What the task asks »
Go through the following data and transcribe exactly the stretch of lines from the one holding "اشتغالزایی برای ۲۳۰" to the one holding "La momia descubierta", both included.

Dataset records »
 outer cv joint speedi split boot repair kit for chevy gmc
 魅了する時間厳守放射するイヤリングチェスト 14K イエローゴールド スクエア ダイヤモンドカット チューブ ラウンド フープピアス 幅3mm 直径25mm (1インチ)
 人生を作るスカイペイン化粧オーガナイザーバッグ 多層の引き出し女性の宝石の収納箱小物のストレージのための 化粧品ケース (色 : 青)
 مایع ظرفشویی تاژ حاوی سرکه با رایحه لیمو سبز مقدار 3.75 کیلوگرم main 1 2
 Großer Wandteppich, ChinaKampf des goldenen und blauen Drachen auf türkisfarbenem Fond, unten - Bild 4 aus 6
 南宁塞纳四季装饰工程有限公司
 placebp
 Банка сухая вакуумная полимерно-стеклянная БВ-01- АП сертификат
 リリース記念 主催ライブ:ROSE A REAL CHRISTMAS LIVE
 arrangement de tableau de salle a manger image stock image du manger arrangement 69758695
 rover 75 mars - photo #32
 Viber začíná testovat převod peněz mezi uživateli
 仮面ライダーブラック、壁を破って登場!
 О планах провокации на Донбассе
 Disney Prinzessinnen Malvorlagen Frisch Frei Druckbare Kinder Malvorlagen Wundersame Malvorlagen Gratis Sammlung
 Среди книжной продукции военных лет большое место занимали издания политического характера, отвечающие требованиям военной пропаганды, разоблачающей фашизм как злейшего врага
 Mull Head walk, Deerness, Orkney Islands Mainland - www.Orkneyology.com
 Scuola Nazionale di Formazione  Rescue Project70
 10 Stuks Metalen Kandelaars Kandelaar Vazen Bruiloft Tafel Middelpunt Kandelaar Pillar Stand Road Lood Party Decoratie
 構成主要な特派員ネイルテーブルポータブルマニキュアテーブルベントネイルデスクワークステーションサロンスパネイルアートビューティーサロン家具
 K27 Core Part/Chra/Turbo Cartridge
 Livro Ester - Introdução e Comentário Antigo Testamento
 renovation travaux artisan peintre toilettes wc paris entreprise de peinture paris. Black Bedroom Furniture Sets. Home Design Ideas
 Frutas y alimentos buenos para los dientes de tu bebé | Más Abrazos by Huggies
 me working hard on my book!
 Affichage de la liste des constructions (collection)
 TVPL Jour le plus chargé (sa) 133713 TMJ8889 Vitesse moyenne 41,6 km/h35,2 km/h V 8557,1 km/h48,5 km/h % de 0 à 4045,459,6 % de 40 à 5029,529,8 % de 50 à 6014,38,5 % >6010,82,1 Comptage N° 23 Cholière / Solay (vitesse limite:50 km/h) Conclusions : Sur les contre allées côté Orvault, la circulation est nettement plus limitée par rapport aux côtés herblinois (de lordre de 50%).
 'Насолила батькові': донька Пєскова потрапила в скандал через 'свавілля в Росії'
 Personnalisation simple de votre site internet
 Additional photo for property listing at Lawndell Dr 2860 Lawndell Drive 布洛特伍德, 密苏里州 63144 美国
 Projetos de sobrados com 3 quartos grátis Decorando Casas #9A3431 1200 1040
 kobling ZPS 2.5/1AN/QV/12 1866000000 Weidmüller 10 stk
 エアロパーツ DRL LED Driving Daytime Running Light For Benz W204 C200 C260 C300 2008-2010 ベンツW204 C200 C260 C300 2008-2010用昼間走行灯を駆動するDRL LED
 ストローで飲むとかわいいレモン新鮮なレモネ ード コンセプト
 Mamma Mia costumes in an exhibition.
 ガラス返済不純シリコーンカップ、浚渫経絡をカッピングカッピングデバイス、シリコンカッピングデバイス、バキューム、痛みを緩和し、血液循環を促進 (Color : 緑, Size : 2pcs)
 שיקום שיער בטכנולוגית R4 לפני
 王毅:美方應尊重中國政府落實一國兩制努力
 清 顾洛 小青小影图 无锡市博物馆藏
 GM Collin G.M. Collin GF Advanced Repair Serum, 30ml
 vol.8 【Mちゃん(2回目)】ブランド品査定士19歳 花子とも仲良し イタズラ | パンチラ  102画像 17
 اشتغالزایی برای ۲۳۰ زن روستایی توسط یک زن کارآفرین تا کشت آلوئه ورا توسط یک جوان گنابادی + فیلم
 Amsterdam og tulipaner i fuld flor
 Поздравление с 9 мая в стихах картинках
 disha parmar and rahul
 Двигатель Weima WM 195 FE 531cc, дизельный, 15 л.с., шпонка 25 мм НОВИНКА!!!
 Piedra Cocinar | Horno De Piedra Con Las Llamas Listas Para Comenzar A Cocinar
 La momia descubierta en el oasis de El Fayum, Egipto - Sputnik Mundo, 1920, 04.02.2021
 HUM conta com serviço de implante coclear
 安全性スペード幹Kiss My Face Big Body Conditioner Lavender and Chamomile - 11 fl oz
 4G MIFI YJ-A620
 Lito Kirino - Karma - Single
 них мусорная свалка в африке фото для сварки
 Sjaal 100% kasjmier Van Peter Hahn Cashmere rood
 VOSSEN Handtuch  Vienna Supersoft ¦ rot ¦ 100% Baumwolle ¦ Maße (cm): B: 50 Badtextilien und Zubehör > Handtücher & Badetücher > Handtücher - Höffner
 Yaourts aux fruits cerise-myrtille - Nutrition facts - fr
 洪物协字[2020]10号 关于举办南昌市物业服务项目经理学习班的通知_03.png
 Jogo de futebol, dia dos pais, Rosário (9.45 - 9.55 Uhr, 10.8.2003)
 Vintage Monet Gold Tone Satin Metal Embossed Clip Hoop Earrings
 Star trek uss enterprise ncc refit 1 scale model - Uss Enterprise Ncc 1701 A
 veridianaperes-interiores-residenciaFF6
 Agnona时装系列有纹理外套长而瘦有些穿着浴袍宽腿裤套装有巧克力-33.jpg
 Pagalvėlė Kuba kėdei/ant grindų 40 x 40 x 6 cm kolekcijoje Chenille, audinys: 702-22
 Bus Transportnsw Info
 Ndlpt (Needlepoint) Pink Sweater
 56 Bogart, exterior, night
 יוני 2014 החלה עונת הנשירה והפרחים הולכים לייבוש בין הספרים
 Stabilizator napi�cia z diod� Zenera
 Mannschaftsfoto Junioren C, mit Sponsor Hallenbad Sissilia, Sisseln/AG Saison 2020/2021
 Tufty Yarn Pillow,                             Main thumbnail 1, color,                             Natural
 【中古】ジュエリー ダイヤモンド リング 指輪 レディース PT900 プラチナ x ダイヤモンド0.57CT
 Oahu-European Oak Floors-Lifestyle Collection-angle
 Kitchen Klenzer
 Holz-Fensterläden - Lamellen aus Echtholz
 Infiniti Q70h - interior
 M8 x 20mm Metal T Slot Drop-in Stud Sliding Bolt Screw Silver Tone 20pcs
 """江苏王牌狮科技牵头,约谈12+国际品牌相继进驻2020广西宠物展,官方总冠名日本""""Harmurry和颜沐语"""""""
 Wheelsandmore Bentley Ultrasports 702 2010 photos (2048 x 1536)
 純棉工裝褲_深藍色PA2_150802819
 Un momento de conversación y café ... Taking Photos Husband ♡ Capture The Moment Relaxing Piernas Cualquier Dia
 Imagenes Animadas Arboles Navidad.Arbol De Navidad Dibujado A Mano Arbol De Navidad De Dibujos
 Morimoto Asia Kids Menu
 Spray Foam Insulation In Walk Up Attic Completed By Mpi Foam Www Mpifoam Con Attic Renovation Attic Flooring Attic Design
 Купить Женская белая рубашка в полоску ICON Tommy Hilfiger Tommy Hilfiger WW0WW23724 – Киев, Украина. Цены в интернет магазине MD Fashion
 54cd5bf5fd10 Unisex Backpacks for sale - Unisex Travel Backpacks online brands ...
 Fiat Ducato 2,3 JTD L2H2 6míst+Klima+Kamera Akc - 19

Response area »
 اشتغالزایی برای ۲۳۰ زن روستایی توسط یک زن کارآفرین تا کشت آلوئه ورا توسط یک جوان گنابادی + فیلم
 Amsterdam og tulipaner i fuld flor
 Поздравление с 9 мая в стихах картинках
 disha parmar and rahul
 Двигатель Weima WM 195 FE 531cc, дизельный, 15 л.с., шпонка 25 мм НОВИНКА!!!
 Piedra Cocinar | Horno De Piedra Con Las Llamas Listas Para Comenzar A Cocinar
 La momia descubierta en el oasis de El Fayum, Egipto - Sputnik Mundo, 1920, 04.02.2021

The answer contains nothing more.